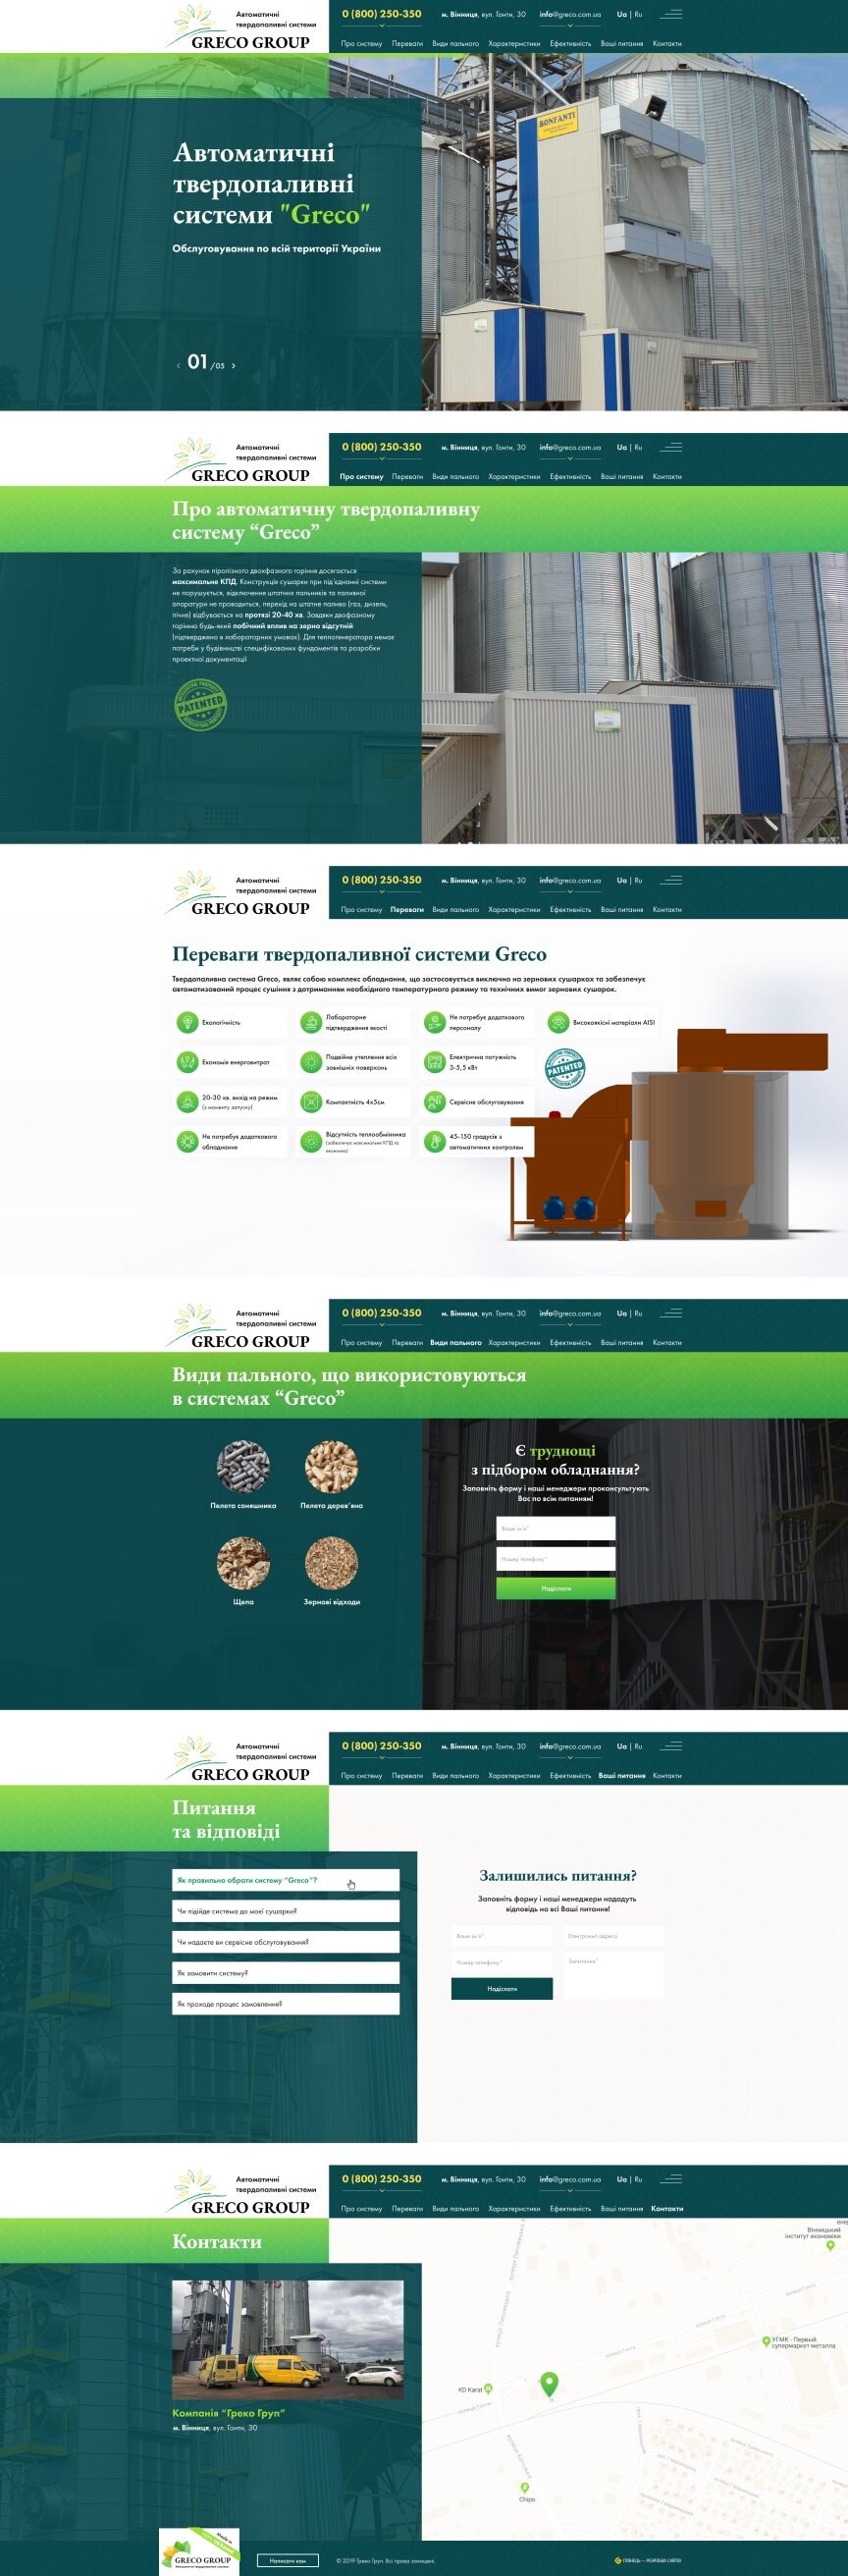 дизайн внутрених страниц на тему Аграрная промышленность — Сайт для компании ГрекоГруп 10
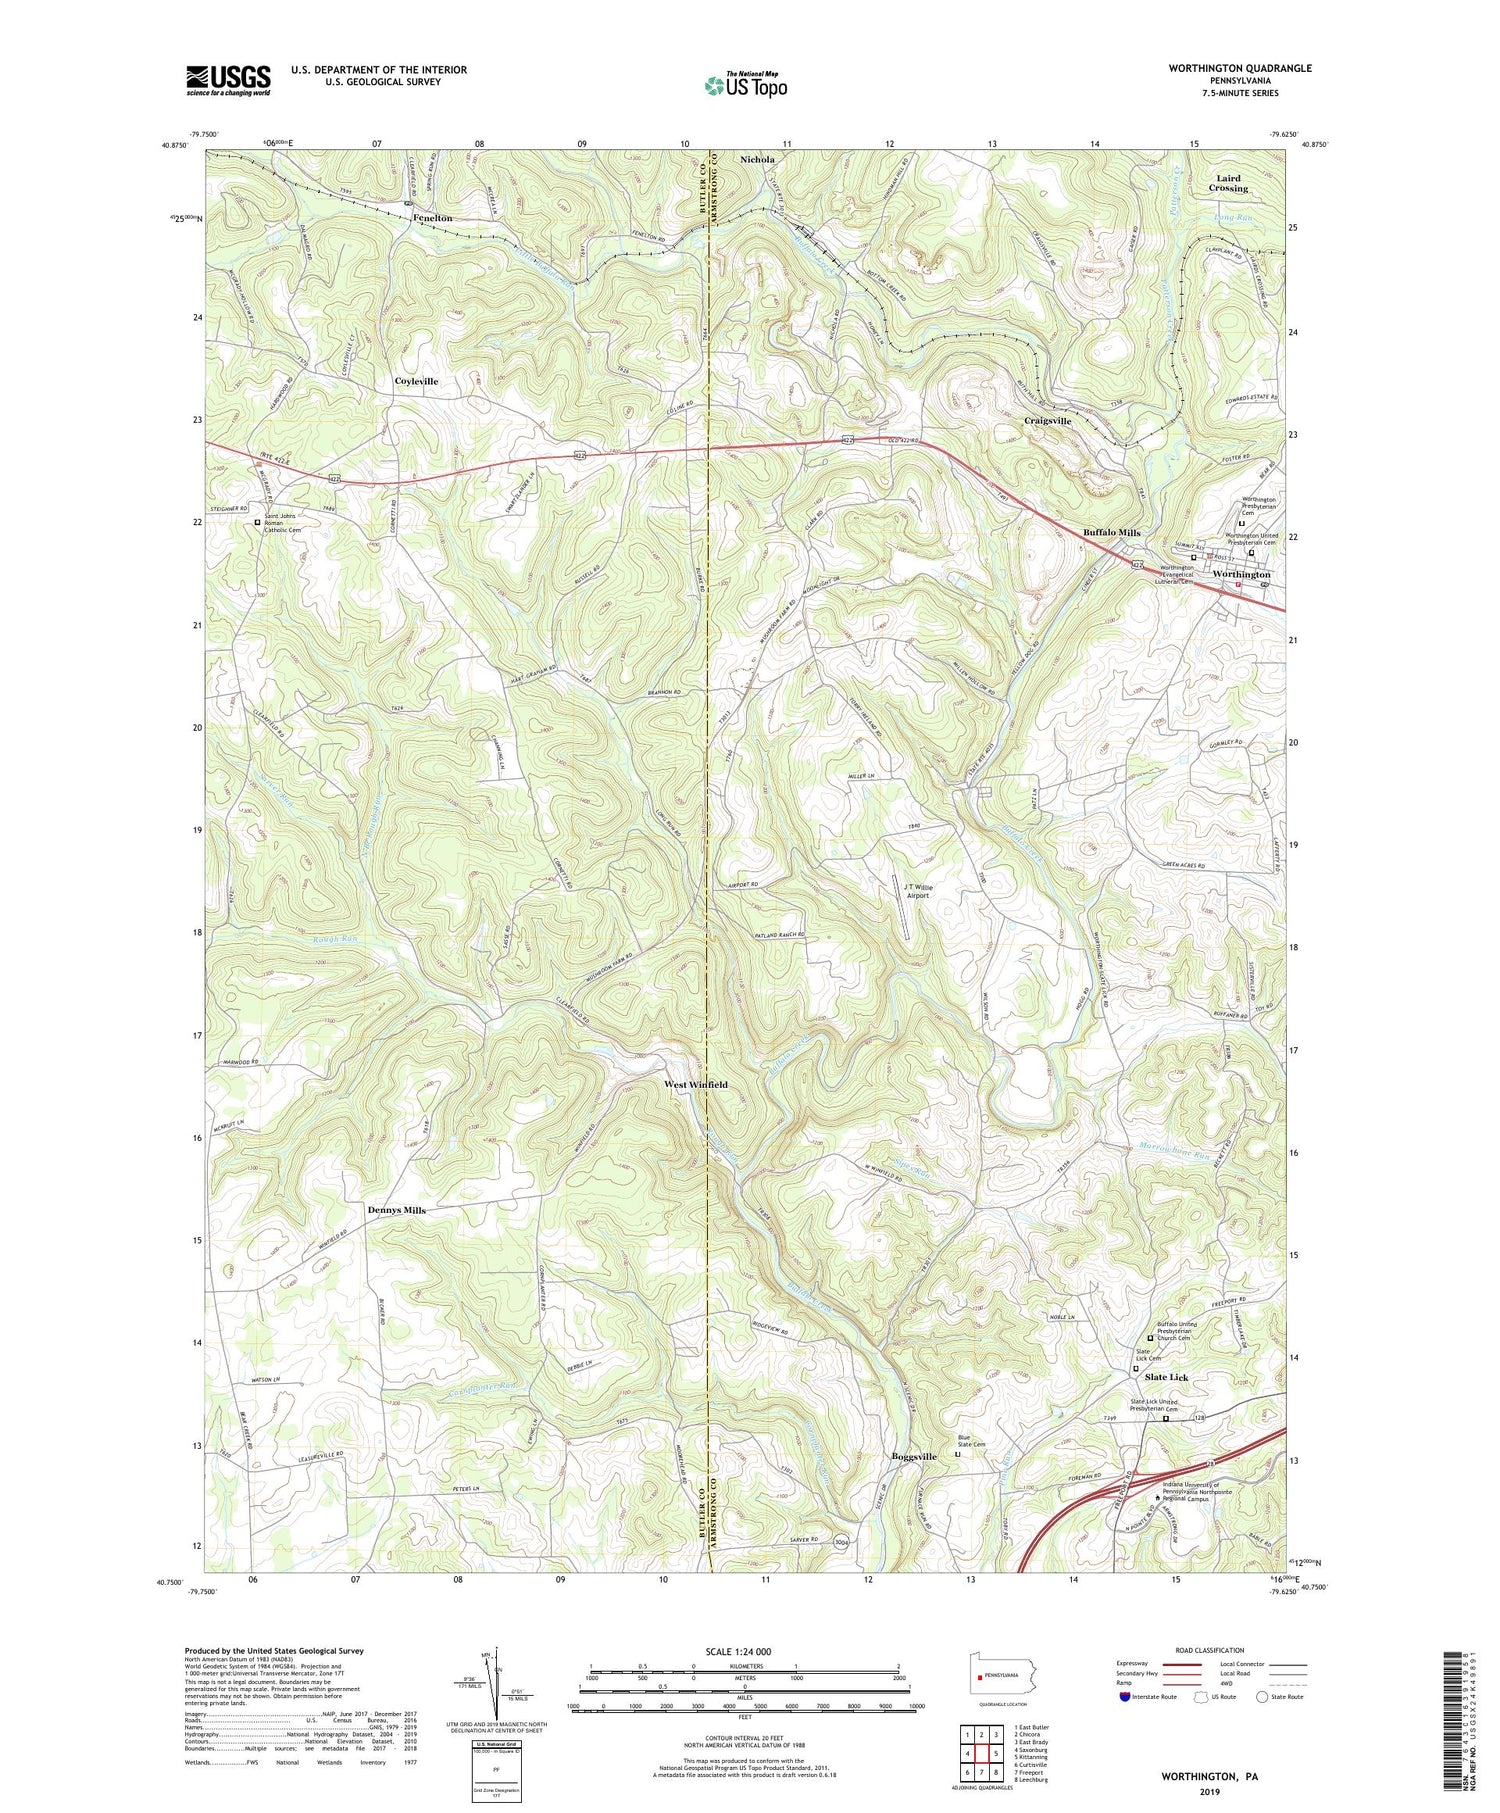 Worthington Pennsylvania US Topo Map Image
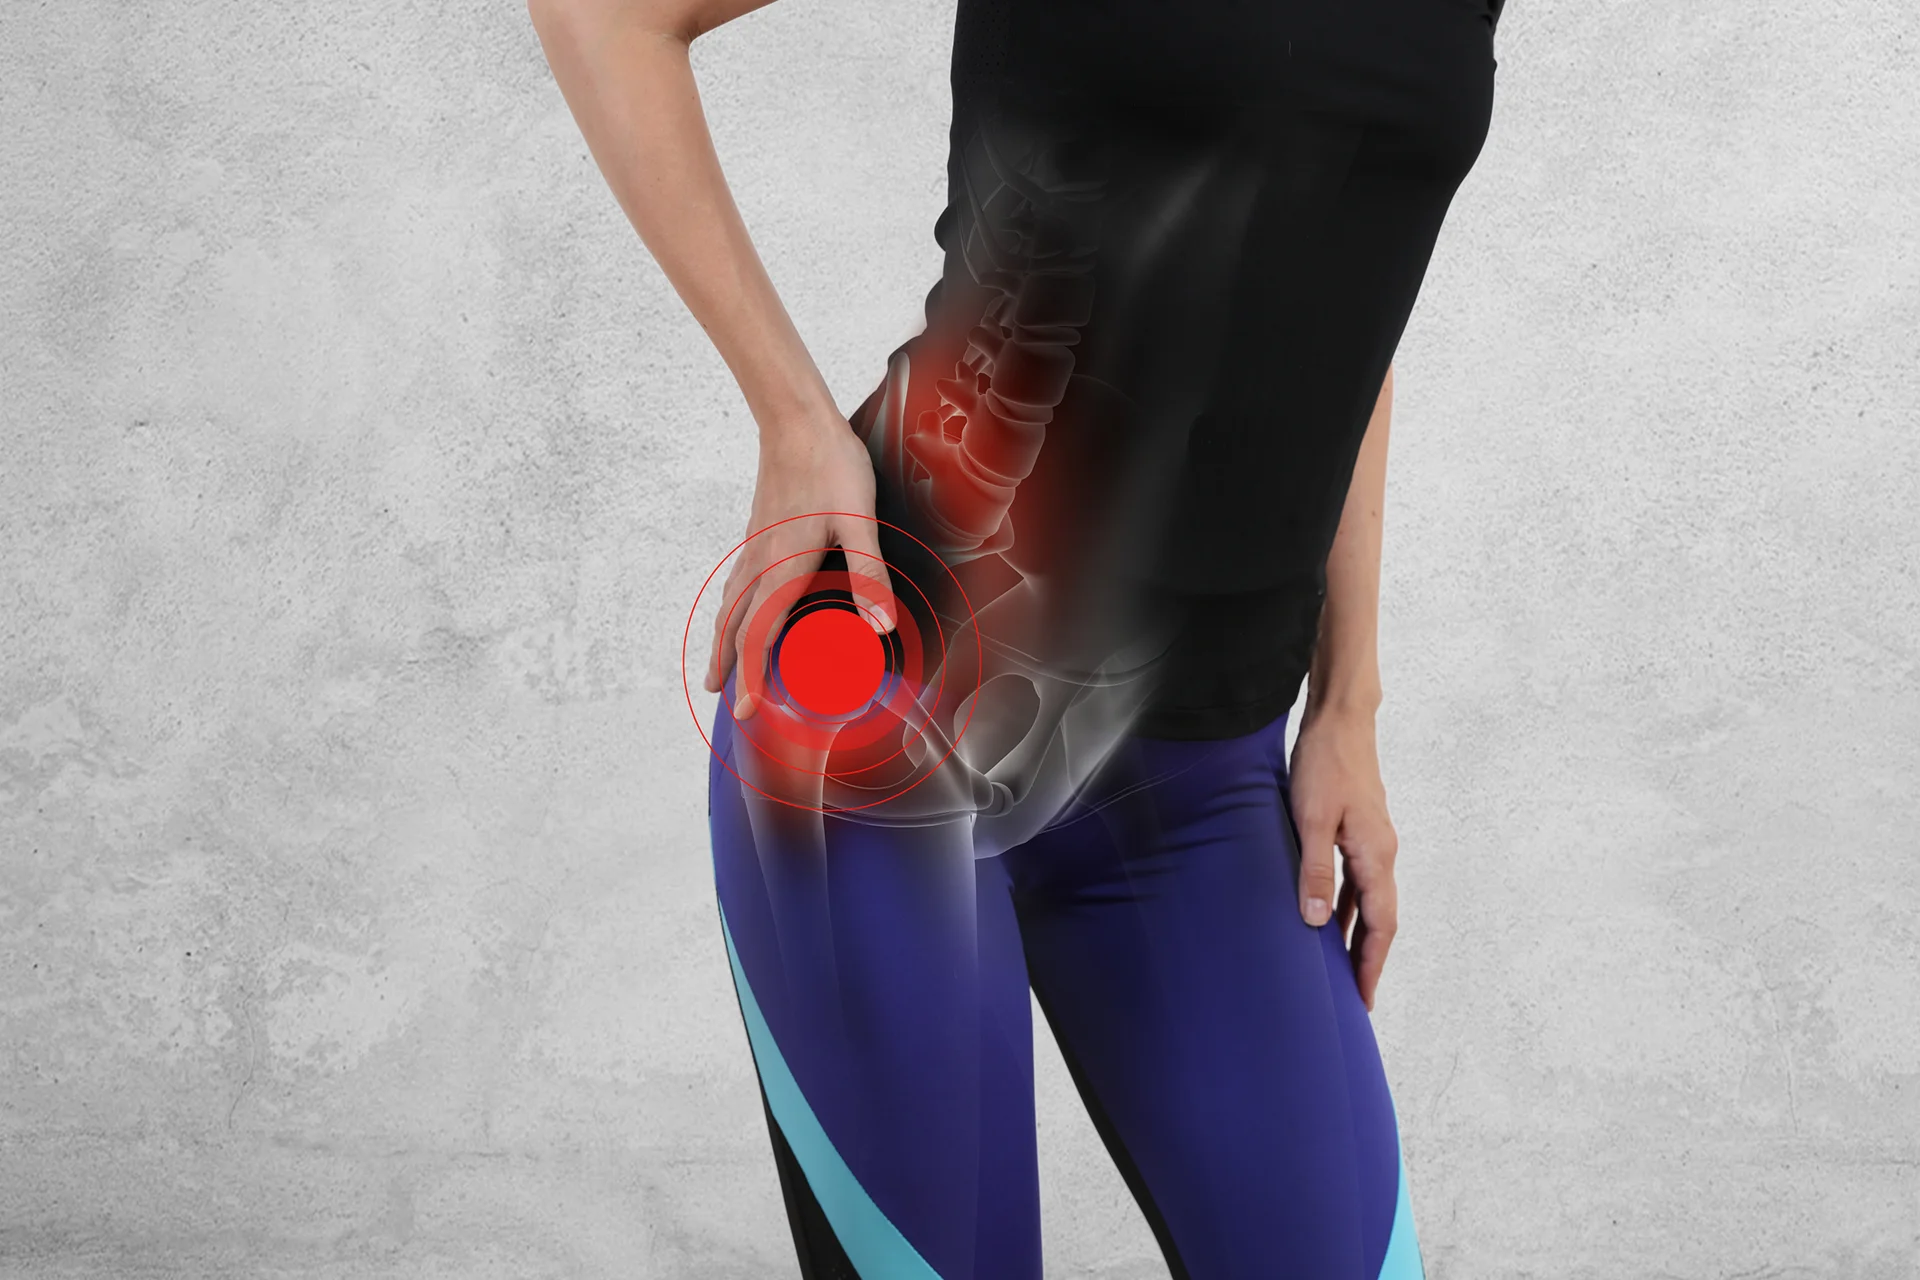 hip misalignment causes sciatica pain
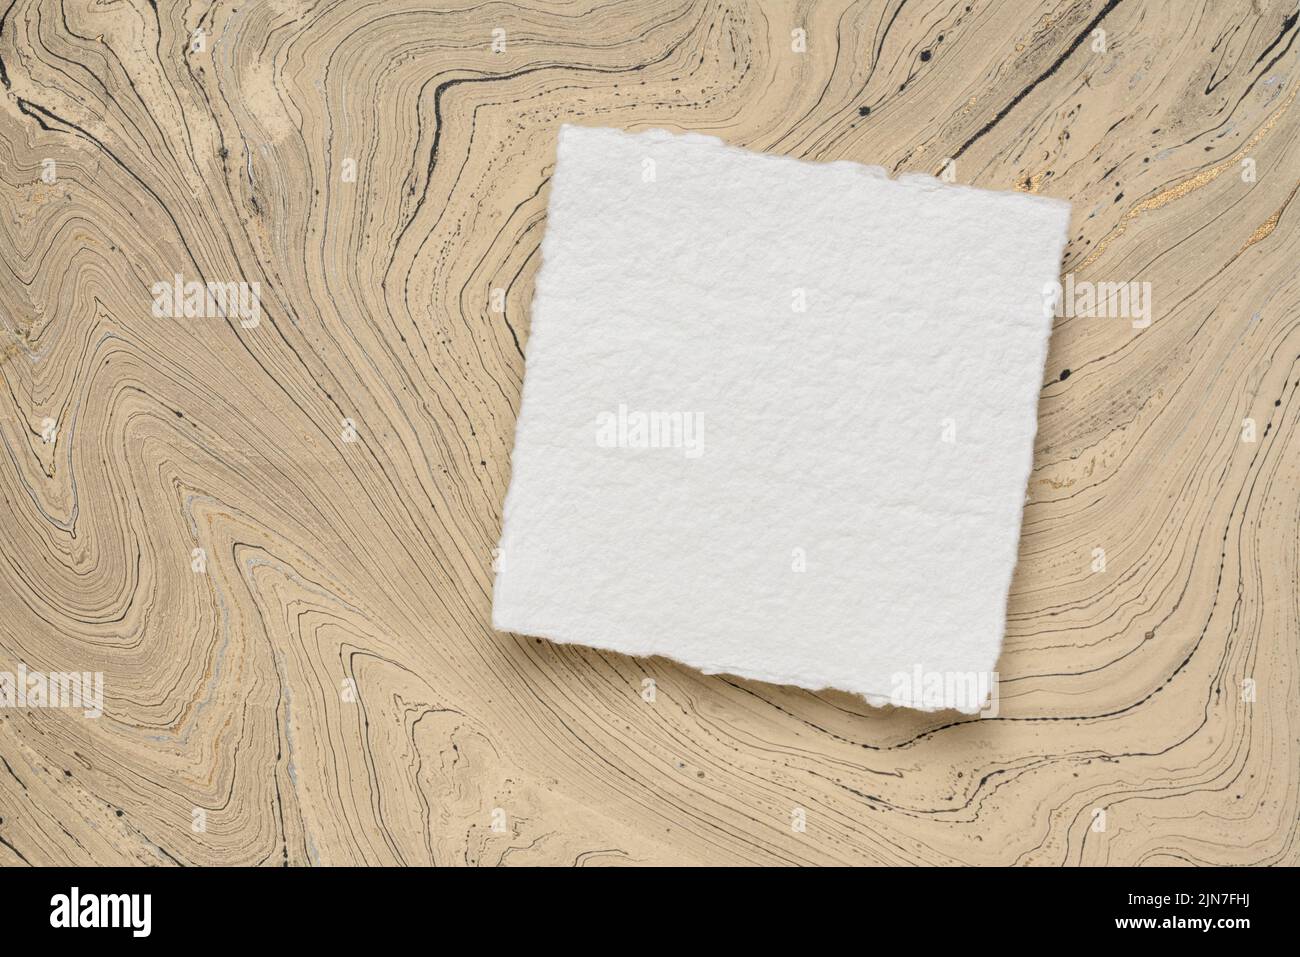 Pequeña hoja cuadrada de papel blanco Khadi contra papel de mármol Foto de stock

### [Task description]
Print only the lines running from the line that contains "hip misalignment causes sciatica pain" to the final line of the listing, both included. Omit every picture.

### [Result for this task]
 hip misalignment causes sciatica pain
 Pequeña hoja cuadrada de papel blanco Khadi contra papel de mármol Foto de stock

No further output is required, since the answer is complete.